Начиная с даты публикации данного материала и по 31 декабря 2008 года мы будем принимать к рассмотрению аргументированные инициативные заявки на включение в список номинаторов-2009. Уточню еще раз: принимать только к рассмотрению и только аргументированные заявки. Со своей стороны, оргкомитет гарантирует неразглашение информации о подобном проявлении личной инициативы, независимо от решения конкретного вопроса в каждом отдельном случае.

Часть произведений, вошедших в номинационный список, я уже успел (разумеется, как частное лицо, как газетно-журнальный колумнист) расхвалить в печати, часть — разругать. Опубликовал недавно и несколько обзорных статей. Поэтому здесь от каких бы то ни было оценок — в том числе и общей — воздержусь.

Да и в любом случае мое мнение — ни Большому, ни Малому жюри не указ. Уж такова, опять-таки, традиция нашей премии.

Интереснее, однако, другое. Большое жюри, собранное нами в этом году, при всей своей разнородности в некоторой мере «заточено» под поколение тридцатилетних (и тридцатипятилетних), как раз в отчетном году громогласно объявившее о том, что уже стало или вот-вот станет ведущим.

Вот и посмотрим, как у тридцатилетних со вкусом. Да и с ответственностью. И, наконец, что это за ответственность — перед обществом? перед изящной словесностью? перед поколением? перед литературно-художественным направлением? перед маленькой, по слову покойного Юрия Трифонова, бандочкой? перед самим (самой) собой?

Да и не только у тридцатилетних.

Премия устроена так, что у каждого из ответственно голосующих на том или ином этапе имеется несколько противоречащих друг другу мотивов проголосовать так или этак.

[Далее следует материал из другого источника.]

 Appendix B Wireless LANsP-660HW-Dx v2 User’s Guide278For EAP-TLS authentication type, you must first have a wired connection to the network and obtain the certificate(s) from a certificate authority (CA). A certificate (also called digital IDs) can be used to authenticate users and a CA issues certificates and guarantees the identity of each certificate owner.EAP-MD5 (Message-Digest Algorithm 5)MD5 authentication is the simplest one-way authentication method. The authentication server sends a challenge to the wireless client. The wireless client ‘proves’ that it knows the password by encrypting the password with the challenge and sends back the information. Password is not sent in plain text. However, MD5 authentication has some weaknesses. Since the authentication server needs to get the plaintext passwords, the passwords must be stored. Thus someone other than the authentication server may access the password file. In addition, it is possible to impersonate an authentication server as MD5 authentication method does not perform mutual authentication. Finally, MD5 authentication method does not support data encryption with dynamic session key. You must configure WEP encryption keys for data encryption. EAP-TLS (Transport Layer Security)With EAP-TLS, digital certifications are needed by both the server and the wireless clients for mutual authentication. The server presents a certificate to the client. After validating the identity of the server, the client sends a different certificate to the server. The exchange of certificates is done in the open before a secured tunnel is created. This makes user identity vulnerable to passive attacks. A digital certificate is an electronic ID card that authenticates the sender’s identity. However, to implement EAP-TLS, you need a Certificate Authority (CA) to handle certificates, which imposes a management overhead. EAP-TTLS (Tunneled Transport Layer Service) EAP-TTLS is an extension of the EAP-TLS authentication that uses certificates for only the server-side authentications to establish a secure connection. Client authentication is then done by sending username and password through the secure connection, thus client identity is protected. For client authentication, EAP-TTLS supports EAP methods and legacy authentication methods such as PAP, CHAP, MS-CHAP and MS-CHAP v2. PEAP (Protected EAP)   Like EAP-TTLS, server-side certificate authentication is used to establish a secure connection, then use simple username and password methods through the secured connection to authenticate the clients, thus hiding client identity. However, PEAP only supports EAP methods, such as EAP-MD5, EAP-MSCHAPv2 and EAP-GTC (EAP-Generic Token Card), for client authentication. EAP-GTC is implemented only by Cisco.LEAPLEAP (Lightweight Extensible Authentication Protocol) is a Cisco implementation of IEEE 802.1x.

(Заведомых прозелитов мы «вычисляем» и элиминируем на стадии формирования списков. Единственное исключение: вечно выдвигающие друг дружку и получающие от остальных по 0 баллов петербуржцы Валерий Попов и Александр Мелихов.)

Каждый голосует сам, обосновывает свой выбор, ставит личную подпись — и всё это выносится из кулуаров на суд широкой, но просвещенной публики.

Так это устроено в Нацбесте.

С искренним интересом жду промежуточных результатов очередного премиального цикла.

Виктор Топоров, ответственный секретарь оргкомитета

Интервью с Виктором Топоровым

Кармический скачок

Некоторые полагают, что в России до сих пор литературные премии дают одним книгам, а читают совсем другие. Несколько лет назад Виктор Топоров придумал премию «Национальный бестселлер», которая была призвана сблизить читателей и писателей.

Каково положение дел сейчас, спустя семь лет после создания «Нацбеста», когда литературных премий появилось едва ли не больше, чем существует в стране авторов, когда в премиальный процесс пришли большие деньги, он рассказал накануне очередного объявления результатов «Нацбеста», состоявшегося 8 июня в Зимнем саду отеля «Астория» обозревателю «Прочтения» Наталии Курчатовой, члену Большого жюри «Национального бестселлера» в прошлом году и участнику премиального забега (написанный в соавторстве с Ксенией Венглинской роман «Лето по Даниилу Андреевичу» выдвинут по рукописи) — в этом.

— Ваш взгляд на ситуацию с литературными премиями в России?

— Главная инновация последнего времени — приход в премиальный процесс сравнительно больших денег; прежде всего я имею в виду «Большую книгу» и премию «Поэт»… Есть также ряд премий, стремящихся если не превзойти друг друга толщиной кошелька, то хотя бы зазывно побренчать,— это «Ясная Поляна» и подрастающий «Букер».

Все бы хорошо, но, например, про «Ясную Поляну» мне недавно сказали: в этом году мы даем премию в третий раз и должны дать ее Анатолию Киму, потому что он привел спонсора.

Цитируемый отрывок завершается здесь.